Model choice matters enormously at scale.
Common interview follow-ups
"Why is the context window finite if more is always better?"
Three reasons: 1) attention is O(n²) — compute and memory cost; 2) training data of very long sequences is scarce; 3) "lost in the middle" — models can't usefully attend to all tokens equally at huge contexts. The 2M-token Gemini window is impressive but real-world usefulness drops past ~32k for most tasks.
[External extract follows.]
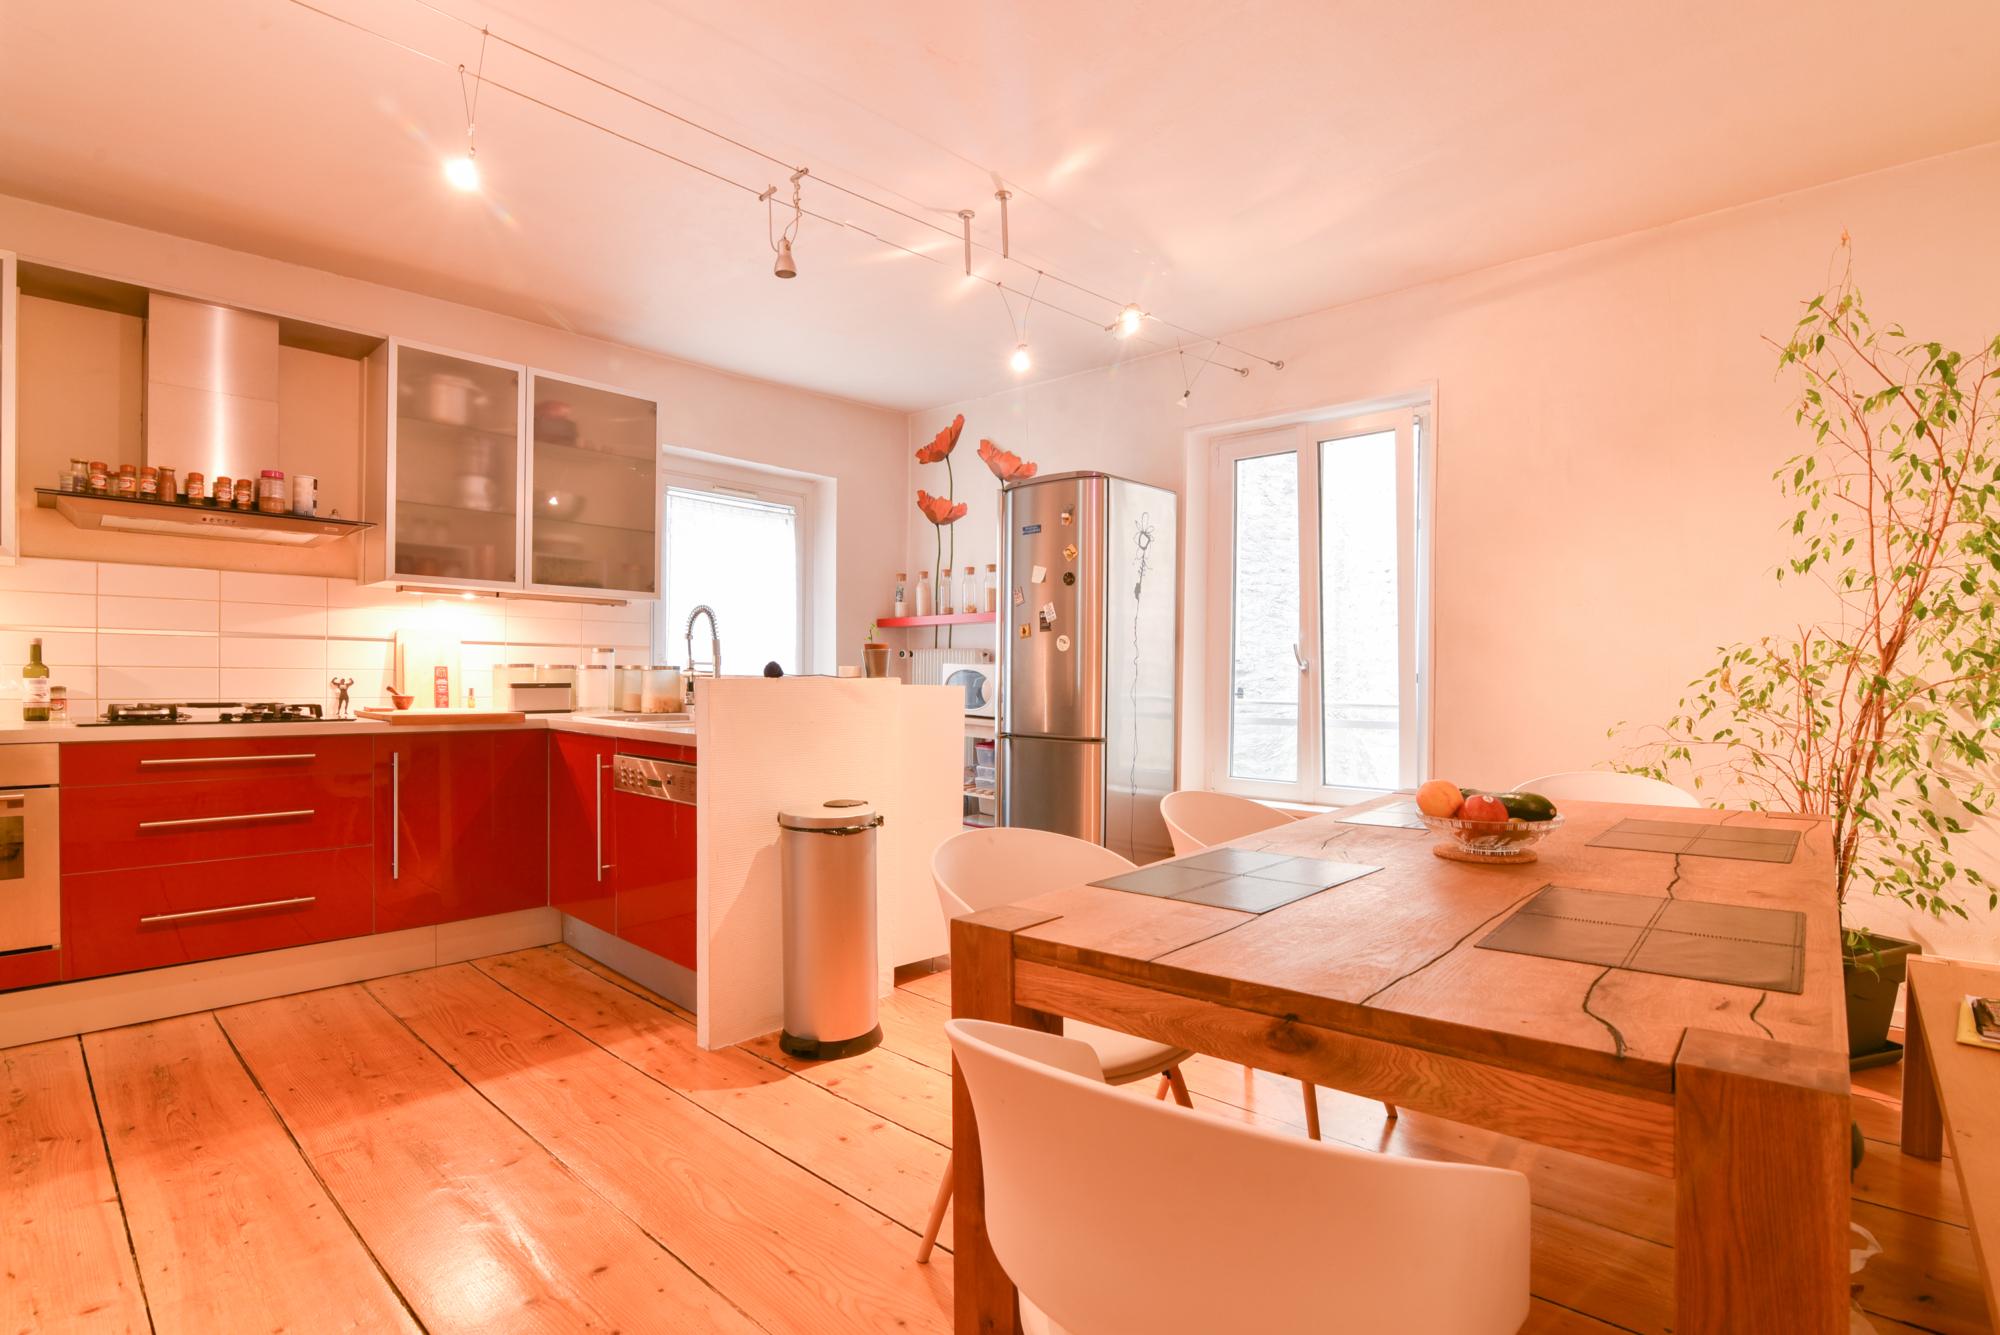 [Cocon] Magnifique 3 pièces au parquet qui grince - Faubourg de Pierre / rue du Chevreuil - nos ventes - Beausite Immobilier 4

"How do you handle a document larger than the context window?"
Three patterns:
- RAG (most common) — chunk + embed + retrieve top-K, only the relevant chunks enter the prompt
- Iterative summarization — summarize chunk by chunk, then summarize the summaries
- Sliding window — process overlapping windows, combine outputs
Interview-grade summary
"Tokens are sub-word units; pricing and context limits are token-based, not word-based. Context windows are finite (128k-2M tokens depending on model) and you must budget for prompt, history, retrieved context, AND reserved response space. Attention is O(n²) — doubling context quadruples compute. Watch out for the 'lost in the middle' effect on long contexts. For Q&A over data that doesn't fit, use RAG to retrieve relevant chunks instead of stuffing everything into the prompt."